Hi I am pretty new to R but having a bit of trouble getting my head round this. I am trying to create a sample set of data based of an existing set I have. currently I am getting probabilities of existing values and then using sample() function and the probabilities and unique values in the dataset. I want to create a for loop that will loop through the the different columns run my code to sample the data and then produce a new dataframe with the generated data. Can't workout how to make the loop run for each column and then create the sample data into a new dataframe. Also apologies if my code is a bit messy i'm new!

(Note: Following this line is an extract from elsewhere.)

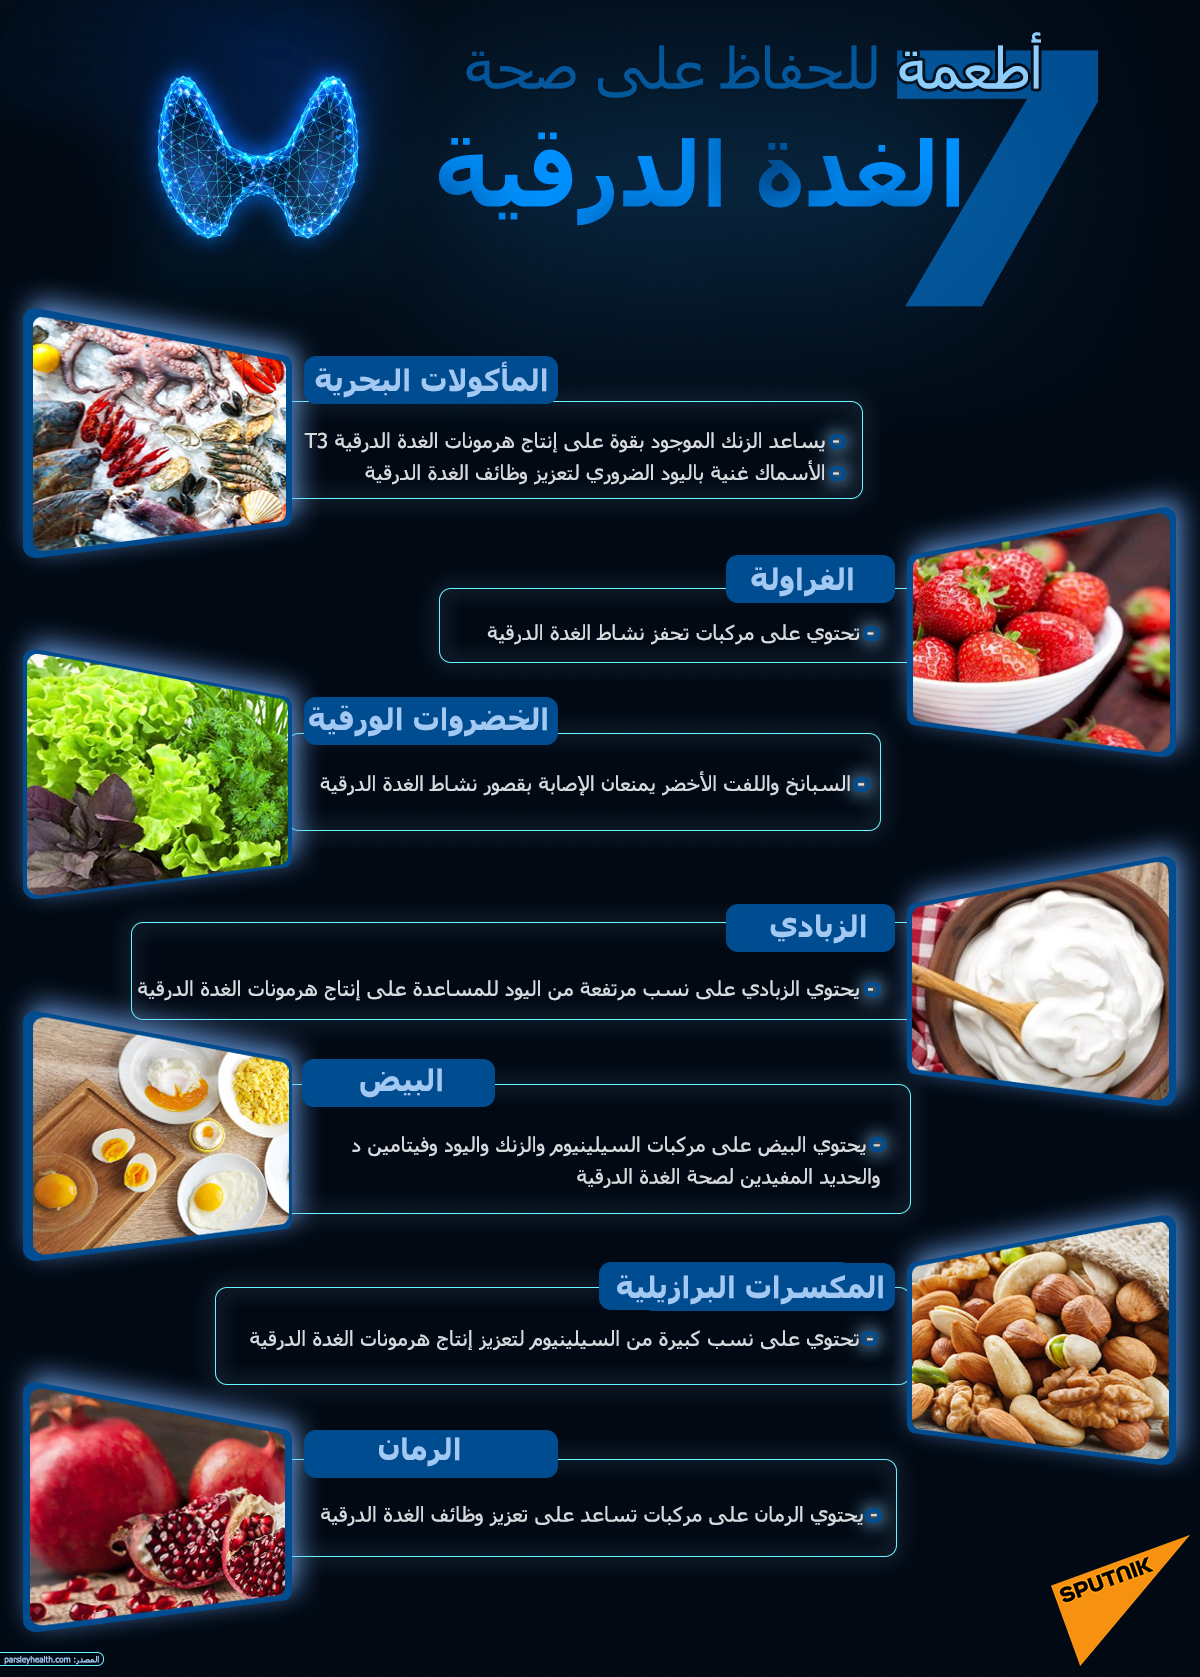 7 أطعمة للحفاظ على صحة الغدة الدرقية - سبوتنيك عربي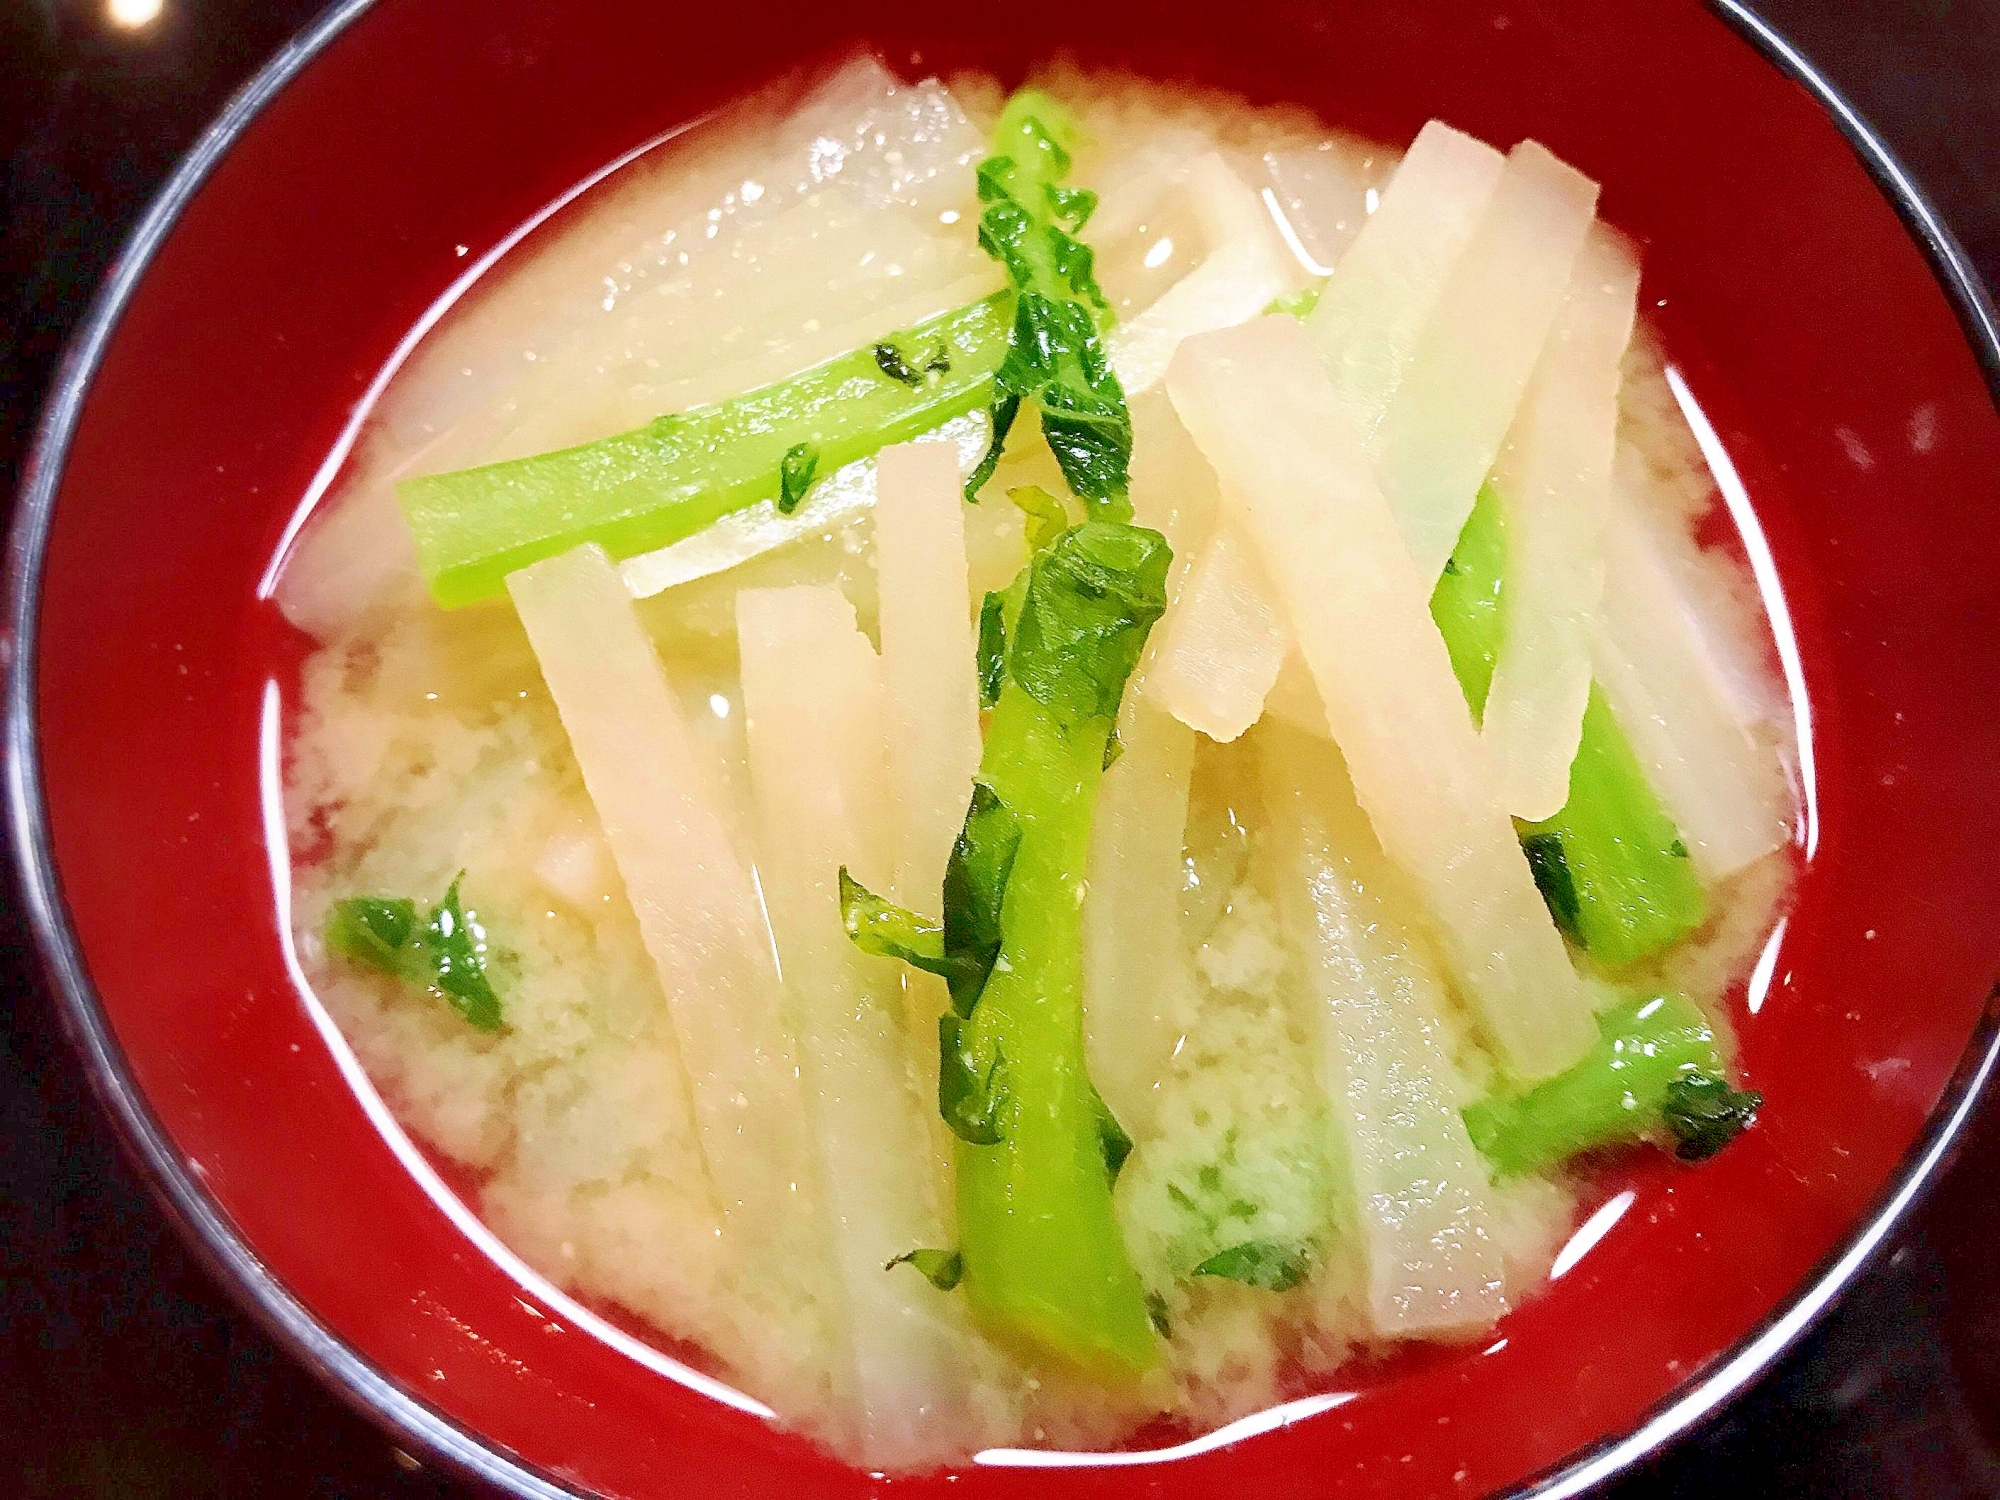 驚きの大根パワー 具沢山の大根のお味噌汁 レシピ 作り方 By Hiro323jp 楽天レシピ

for (i in colnames(ED_test3)) {
sample(
c(sort(unique(ED_test2[[i]]))),
n,replace = TRUE,
prob = (prop.table(table(ED_test2[[i]]))))
}
Here is a way of doing that using an the lapply function. It will iterate over every column in your data and output a list, which can then be pasted back together into a data frame
set.seed(3) #Only needed for reproducibility
#Test data
myData = data.frame(x = sample(1:3, 5, replace = T),
y = sample(LETTERS[1:3], 5, replace = T))
myData
#> x y
#> 1 1 C
#> 2 2 B
#> 3 3 C
#> 4 2 A
#> 5 3 B
#Create new data
nNew = 10
newData = lapply(myData, function(x){
#Get the freq of each value
freq = table(x)
#Sample new values
sample(sort(unique(x)), nNew, prob = freq / sum(freq), replace = T)
})
#Create data frame from each sampling
newData = as.data.frame(newData)
newData
#> x y
#> 1 2 C
#> 2 2 B
#> 3 2 B
#> 4 2 B
#> 5 2 C
#> 6 2 B
#> 7 3 B
#> 8 3 A
#> 9 1 B
#> 10 3 C